- **Assigned task**
Reproduce only what runs from the line containing "Xerox 2045e appendix" to the line containing "Joyful children's Christmas coloring book" in the records below, inclusive. Keep it exact, and keep the pictures out.

(Provided data begins)

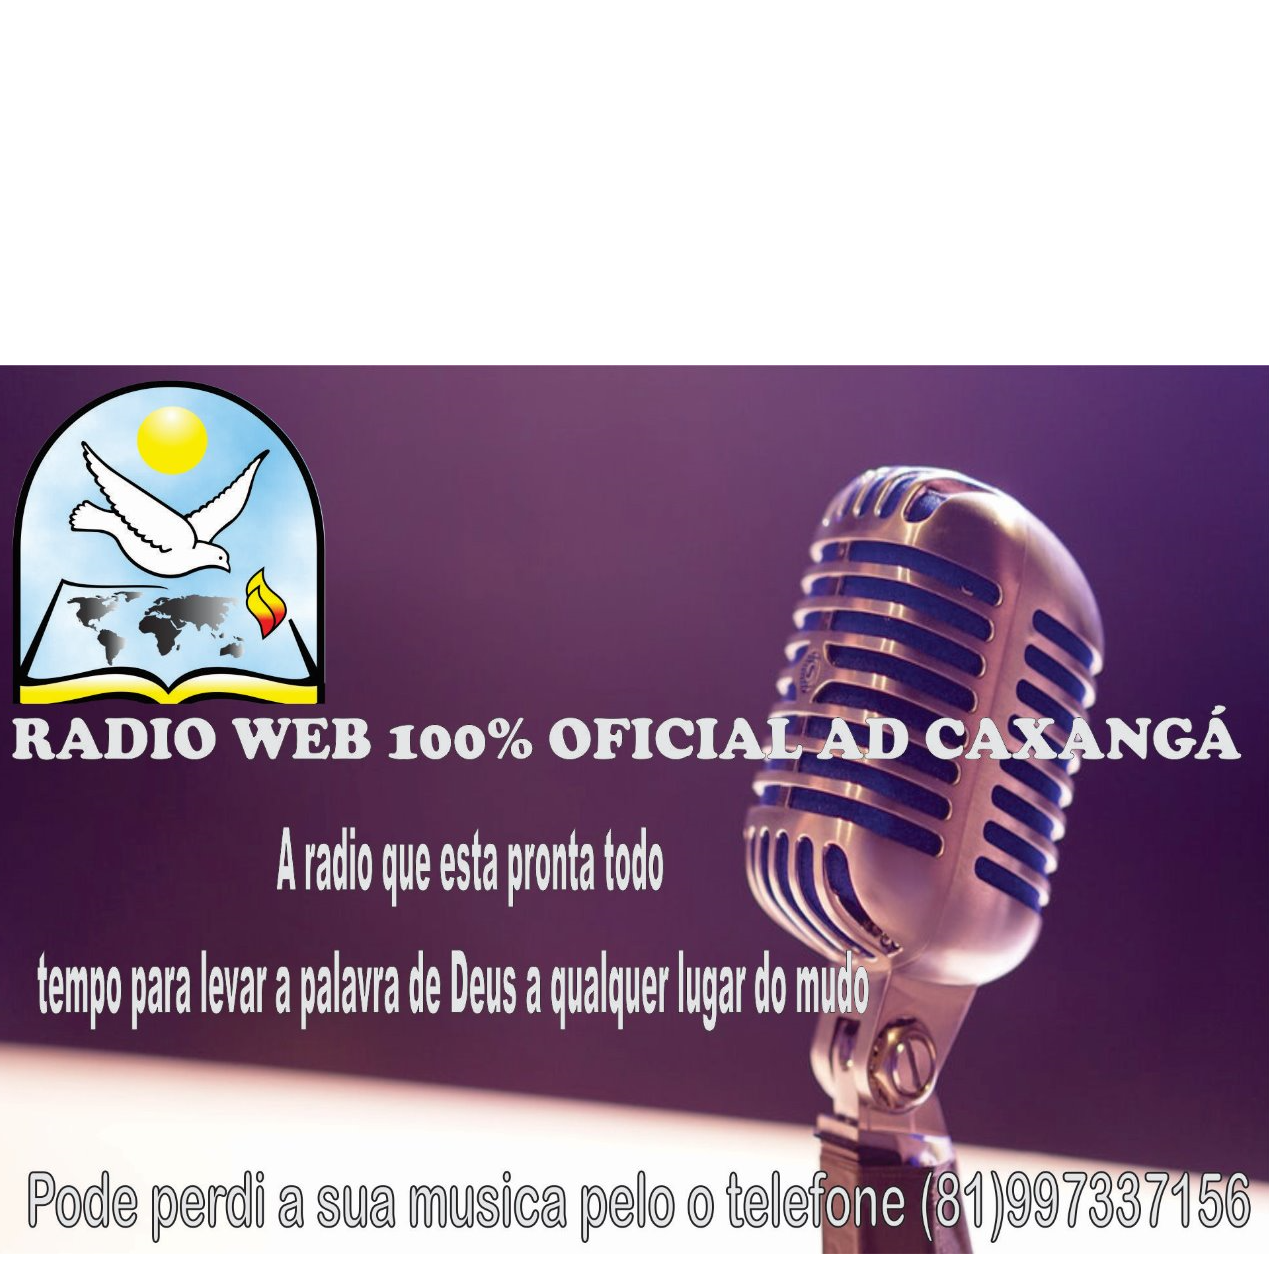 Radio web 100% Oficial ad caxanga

(Provided data ends)
(Provided data begins)

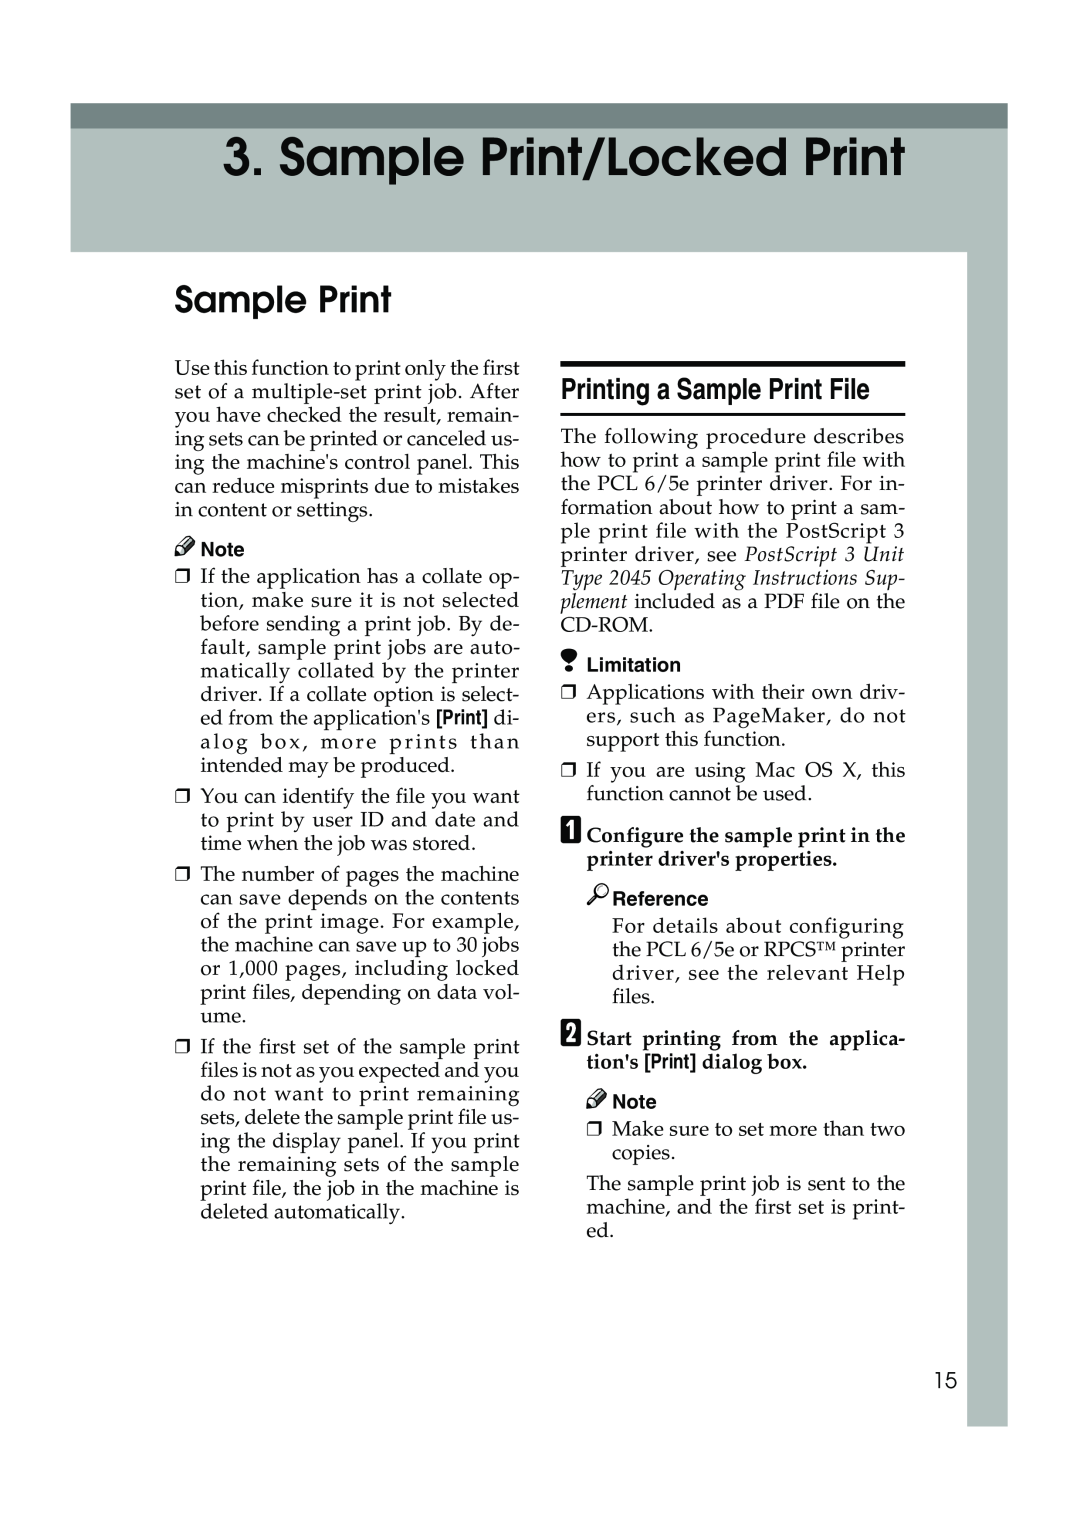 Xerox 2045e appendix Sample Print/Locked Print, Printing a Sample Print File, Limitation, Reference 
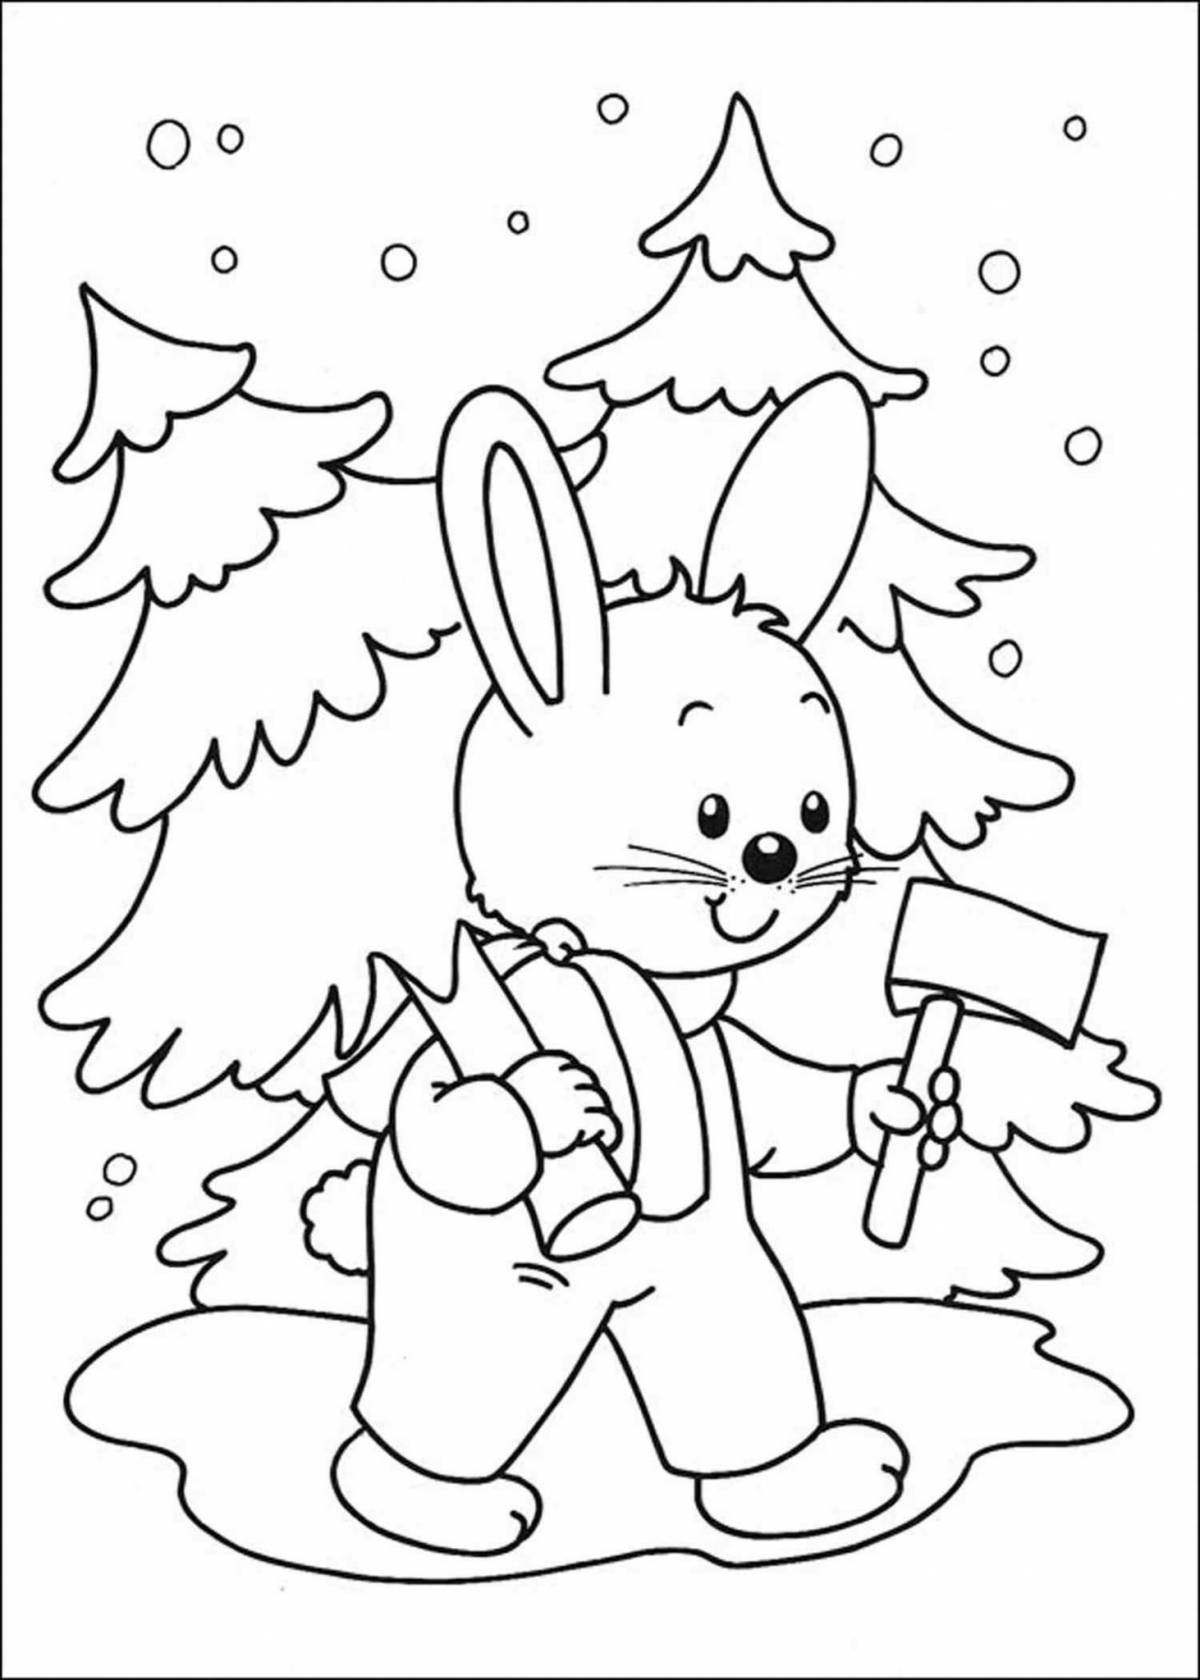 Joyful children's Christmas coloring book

(Provided data ends)
(Provided data begins)

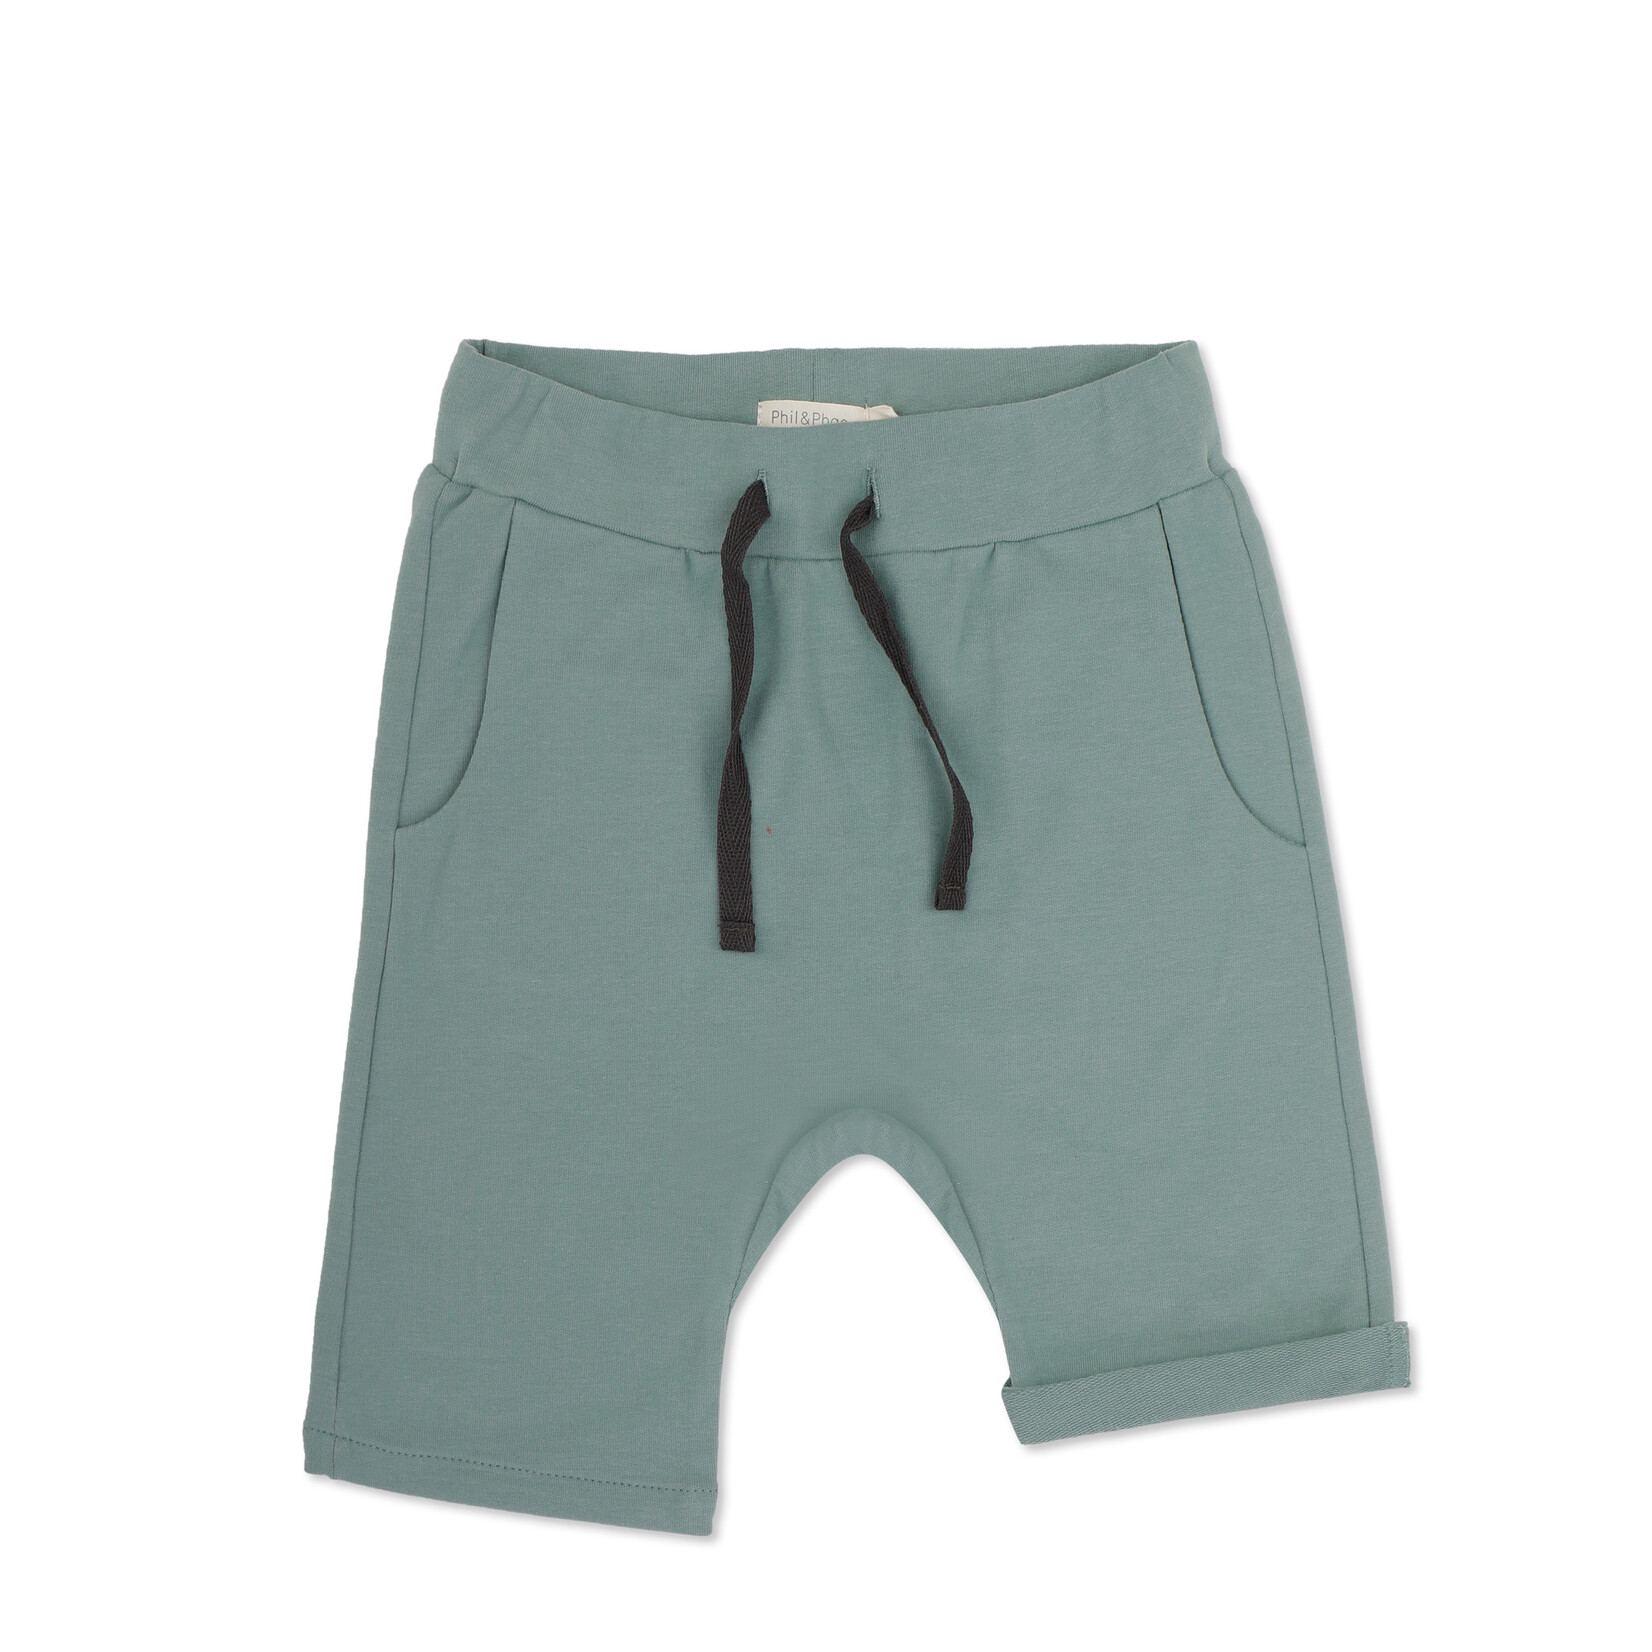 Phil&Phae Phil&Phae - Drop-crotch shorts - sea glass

(Provided data ends)

- **Your response**
 Xerox 2045e appendix Sample Print/Locked Print, Printing a Sample Print File, Limitation, Reference 
 Joyful children's Christmas coloring book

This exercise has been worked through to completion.